Twenty days. That's all that separates us from the most expanded, most complicated, most expensive World Cup in history — and it's arriving whether the host cities are ready or not.
Boston sits near the top of the list of fraught preparations. Streamlined fan fests, extortionate train tickets, fights over street closures. The clock is running down and the city still looks like it's trying to find its boots.
The last dance for Messi and Ronaldo
Lionel Messi turns 39 during the tournament. Cristiano Ronaldo turned 41 in February. This is almost certainly it for both of them on the world stage — which is exactly why FIFA made sure Ronaldo would actually be there.
Ronaldo picked up a red card for elbowing an opponent in Portugal's penultimate qualifier. That's normally a three-game ban. FIFA deferred two of those games to a one-year probation. A "rare decision" that had absolutely nothing to do with keeping one of the sport's biggest commercial draws available for the opening rounds. Nothing at all.
Then there's Neymar. Brazil's all-time leading scorer received a surprise call-up from new coach Carlo Ancelotti, and pulled his calf two days later. His road back from Saudi Arabia through Santos and into this squad was already a stretch. Now it's a gamble.
Who fills the vacuum they leave behind?
Kylian Mbappé already has 12 World Cup goals at 27. Miroslav Klose's all-time record of 16 is genuinely within reach this summer. If Mbappé hits that at Gillette Stadium, the record books will need updating before the quarterfinals.
But Mbappé isn't the only one with a claim on the next era. Ousmane Dembélé won the 2025 Ballon d'Or. Lamine Yamal is 18 and already looks like he belongs in a different tier. The post-Messi, post-Ronaldo world isn't a wasteland — it's a fight, and this tournament will settle at least part of the argument.
Norway's Erling Haaland enters as arguably the most lethal goalscorer on the planet, with Martin Ødegaard pulling strings behind him. A deep Norwegian run looked fanciful three years ago. It doesn't anymore — and Haaland at top scorer odds is not a bad place to start for anyone building a futures card.
- Debutants to watch: Curaçao, Cape Verde, Jordan, and Uzbekistan all make their World Cup bows — four first-timers in one tournament, compared to four across the previous three combined.
- Morocco's villain arc: The 2022 semifinalists enter 2026 after the Confederation of African Football retroactively awarded them the Africa Cup of Nations title following a disputed final against Senegal — a decision being appealed to the Court of Arbitration for Sport. They've gone from underdogs to controversial champions in the span of one ruling.
- Iran's visa situation: Iranian players were in Turkey this week applying for US visas at the embassy in Ankara. FIFA insists they'll be there. Washington has been less certain.
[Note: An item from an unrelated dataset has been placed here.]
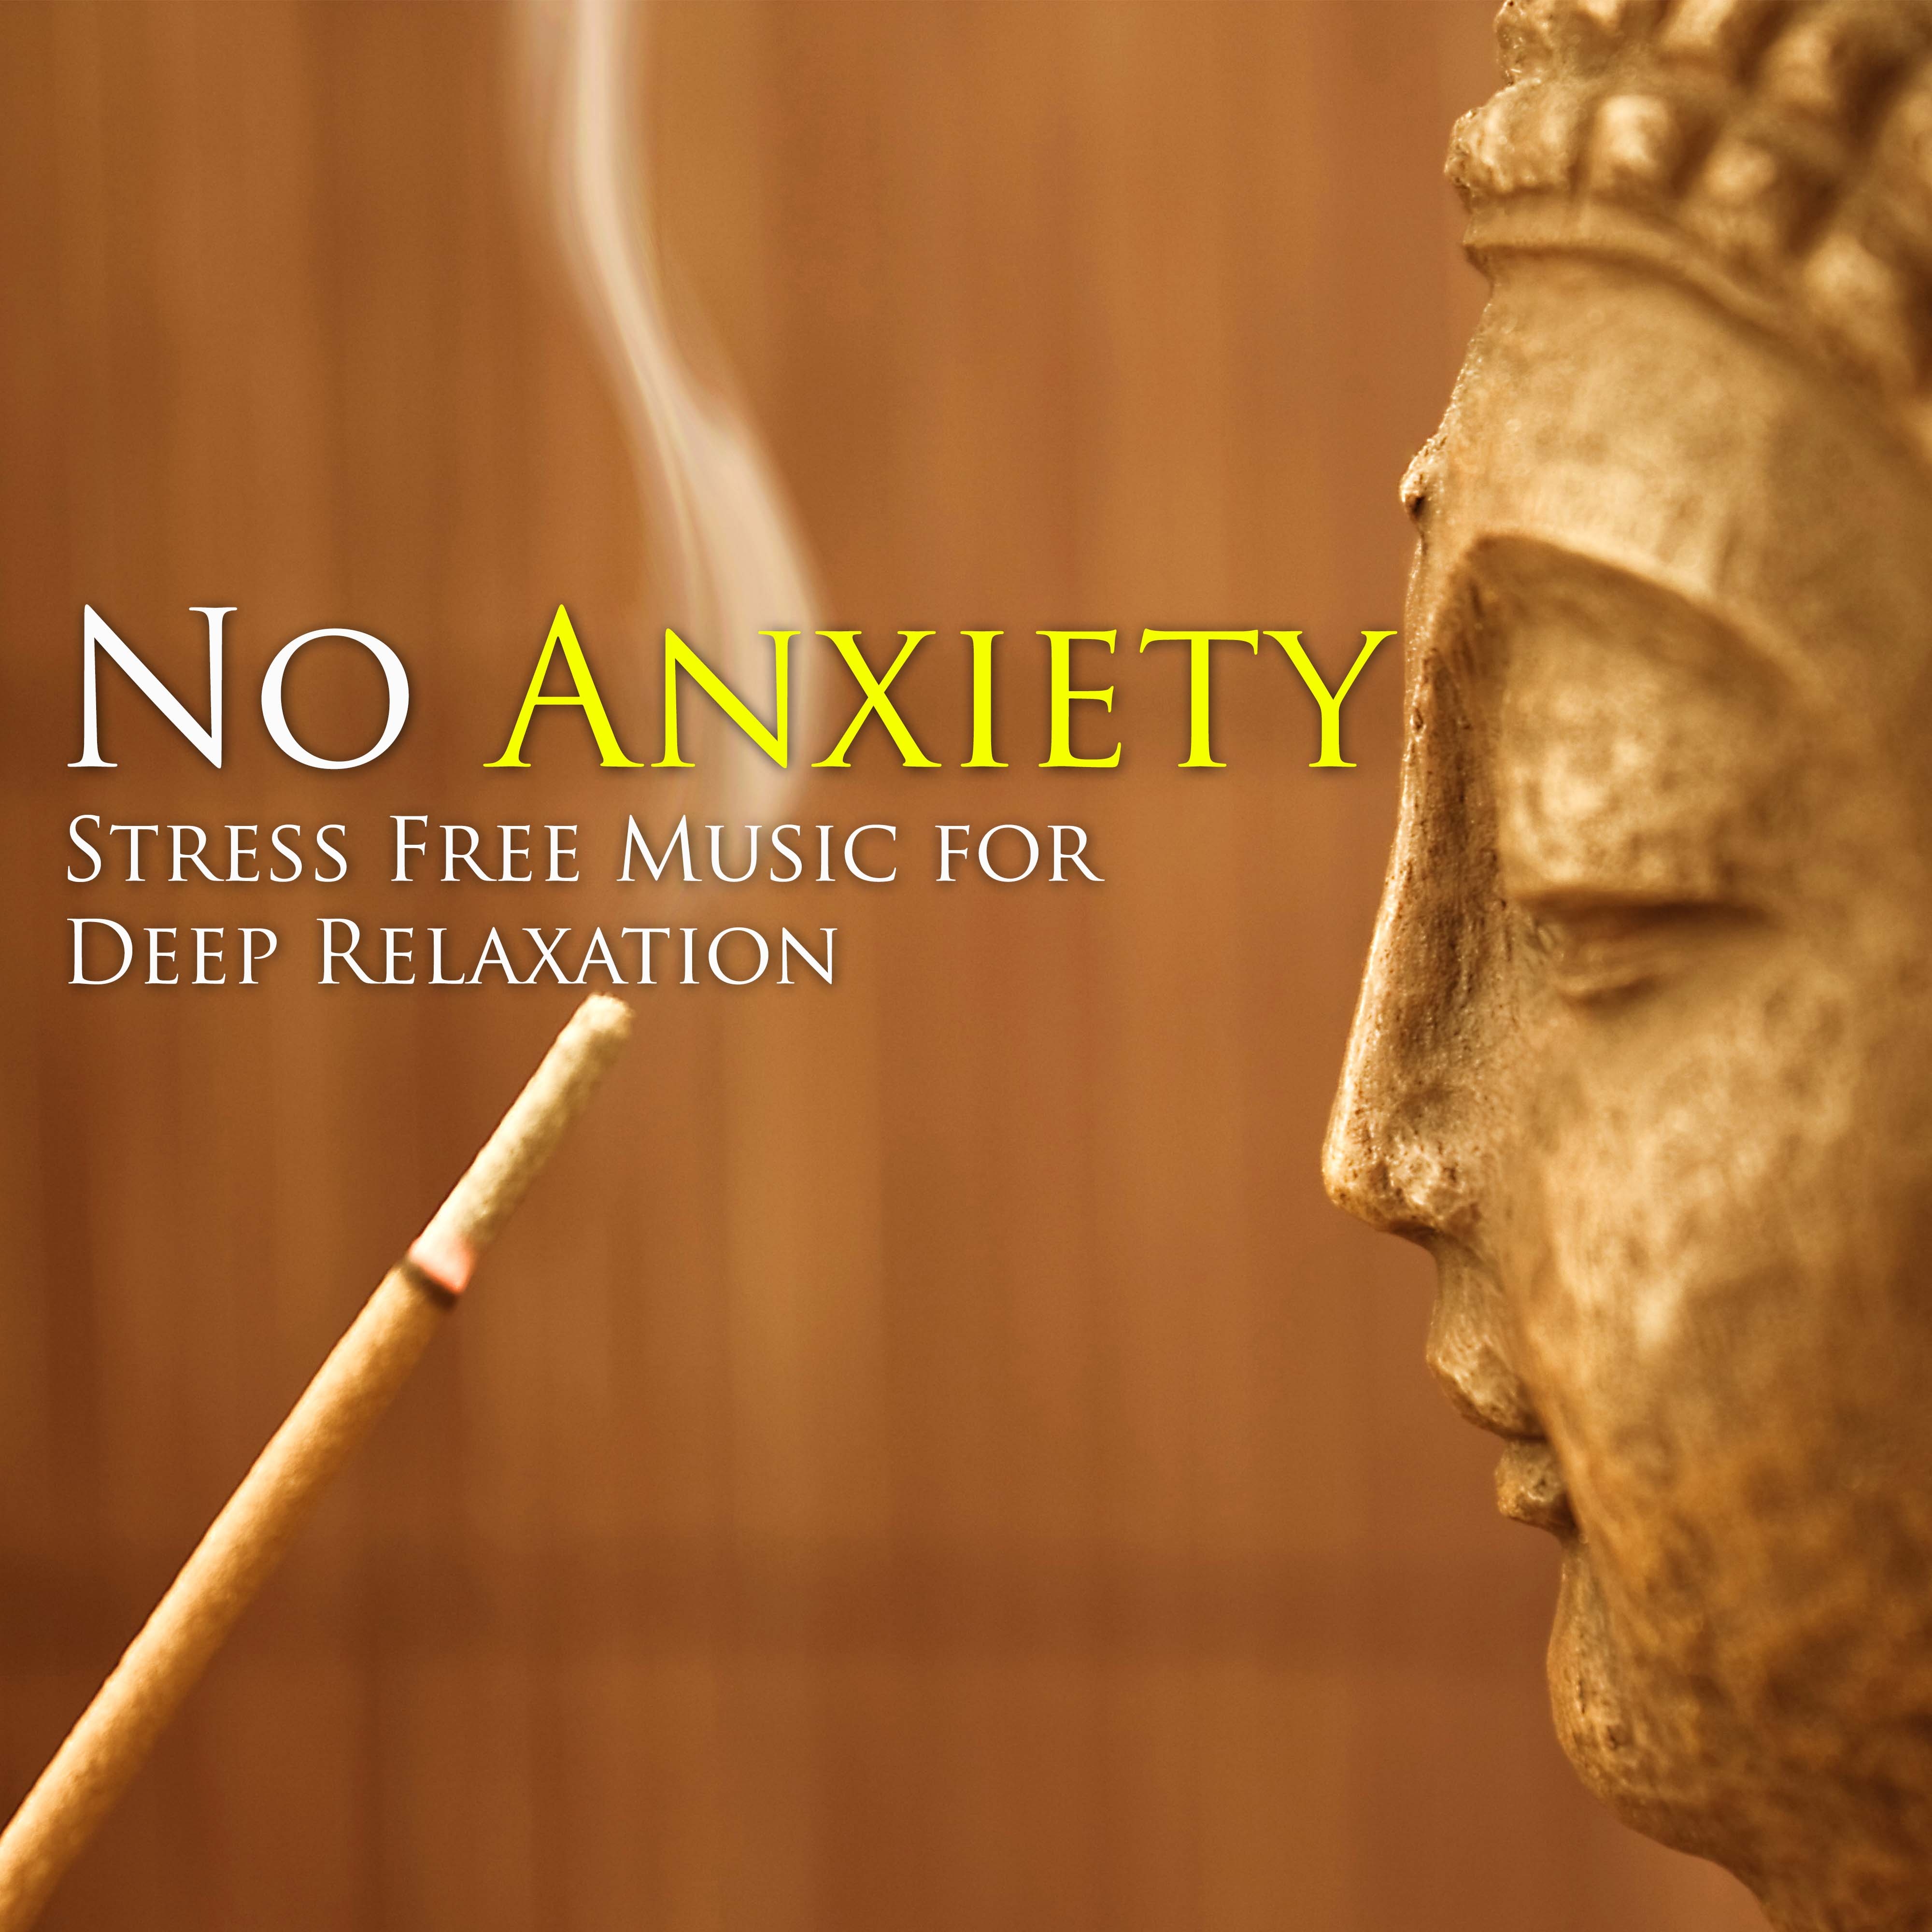 No Anxiety - Stress Free Music for Deep Relaxation

All three of Iran's group games are on US soil.
- Haiti's moment: Their first World Cup since 1974, opening against Scotland in Foxborough on June 13. They qualified through neutral-site games due to the country's political crisis. Melrose High graduate Frantzdy Pierrot made the squad.
- The format: 48 teams, 12 groups of four, top two from each group advance plus the eight best third-place finishers — forming a 32-team knockout bracket. Simpler than it sounds.
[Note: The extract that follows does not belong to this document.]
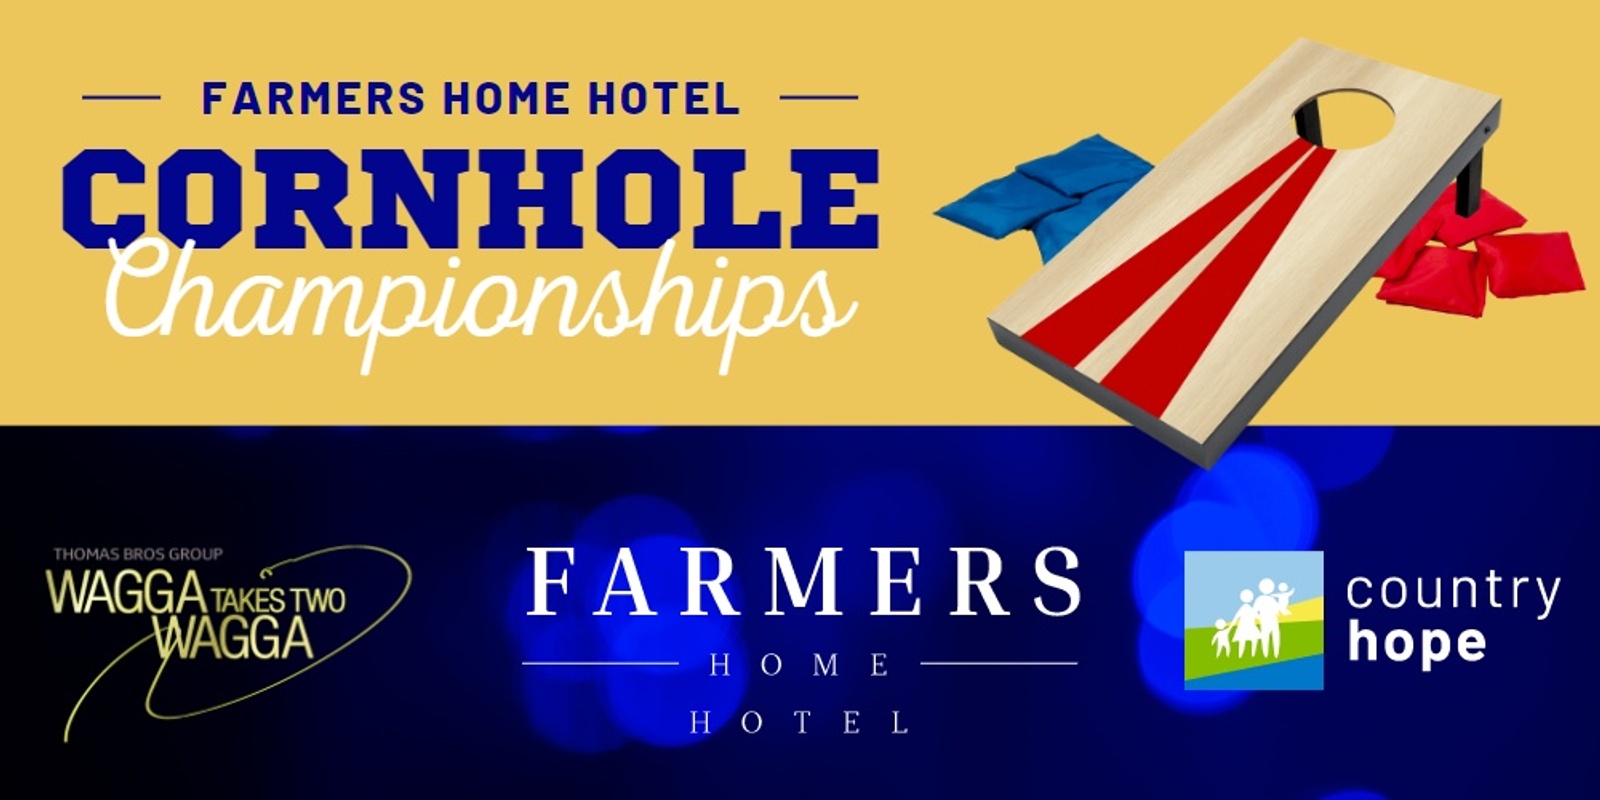 Banner image for FARMERS HOME HOTEL Cornhole Championships
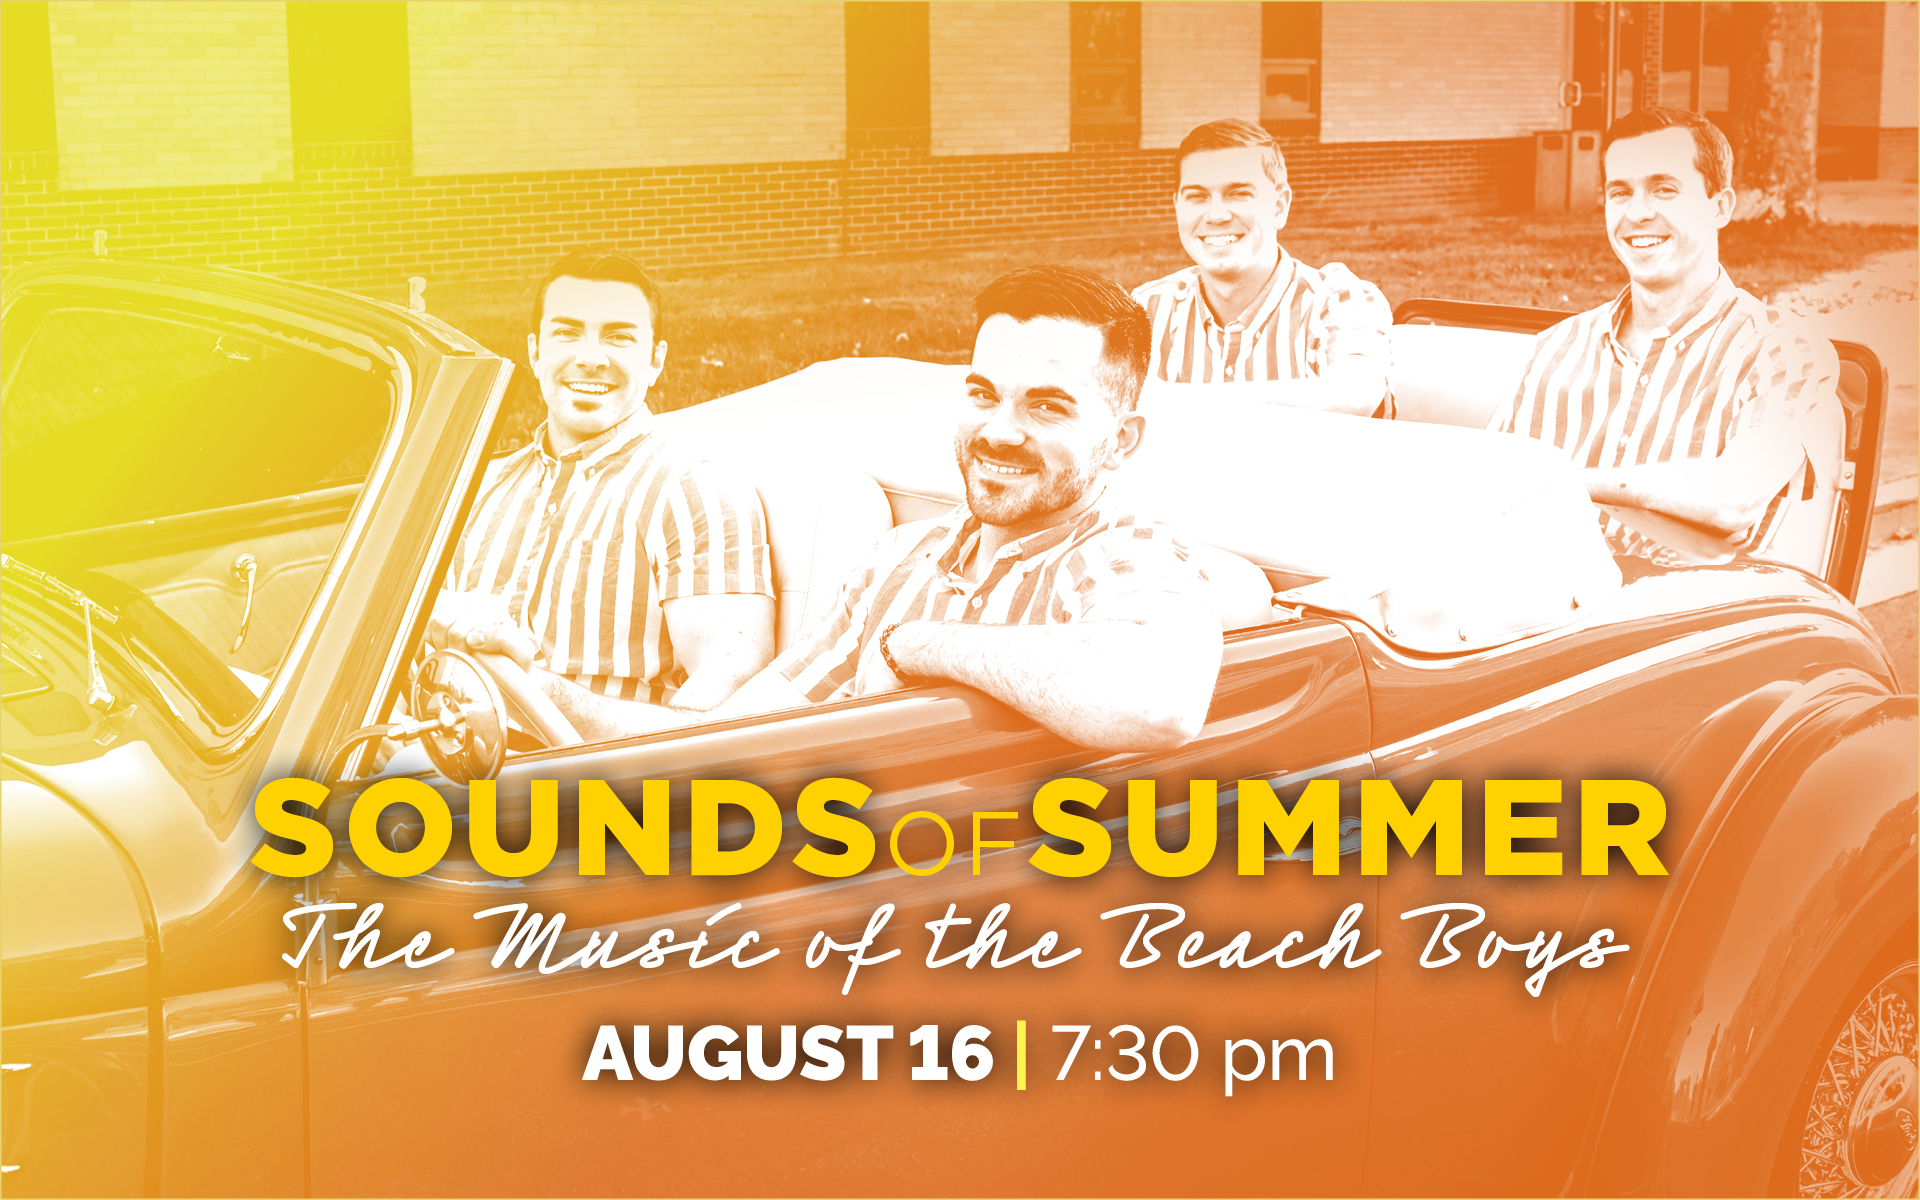 August 16 – Sounds of Summer: The Music of the Beach Boys

The ticket prices alone deserve a paragraph. The cheapest available group-stage ticket at Gillette on Ticketmaster as of this week: $794 to watch Scotland against Morocco. Before transport. Before a hotel. A World Cup in person in 2026 is a financial commitment that most fans can't make, and that shapes everything about the atmosphere these host cities will actually generate.
"Boston Stadium" — as Gillette will be known once FIFA's branding rules kick in — hosts France and England among others. Both will be fancied for deep runs. France chasing a third title. England still waiting on their first since 1966, having reached the Euros final twice and walked away empty-handed both times.
The United States, meanwhile, is hosting a World Cup while still unable to reliably beat its own continental rivals. Two Gold Cup failures since 2022 — losing to Panama in the semis in 2023, losing to Mexico in the final in 2025 — don't inspire confidence. Mauricio Pochettino has the credentials. The squad has talent. The group — Paraguay, Australia, Turkey — is winnable. But "should get out of the group" is a low bar for a host nation.
The 1994 World Cup on this soil launched MLS and reset American soccer's trajectory. What this one leaves behind is genuinely unclear. The preparations have been messy, the prices are punishing, and the geopolitical complications are real. The football itself will sort most of that out — it usually does.
Shakira, Madonna, BTS, and Muppet characters at the World Cup Final halftime show on July 19. Curated by Chris Martin, whatever that means. At least the football will be better than the interval entertainment.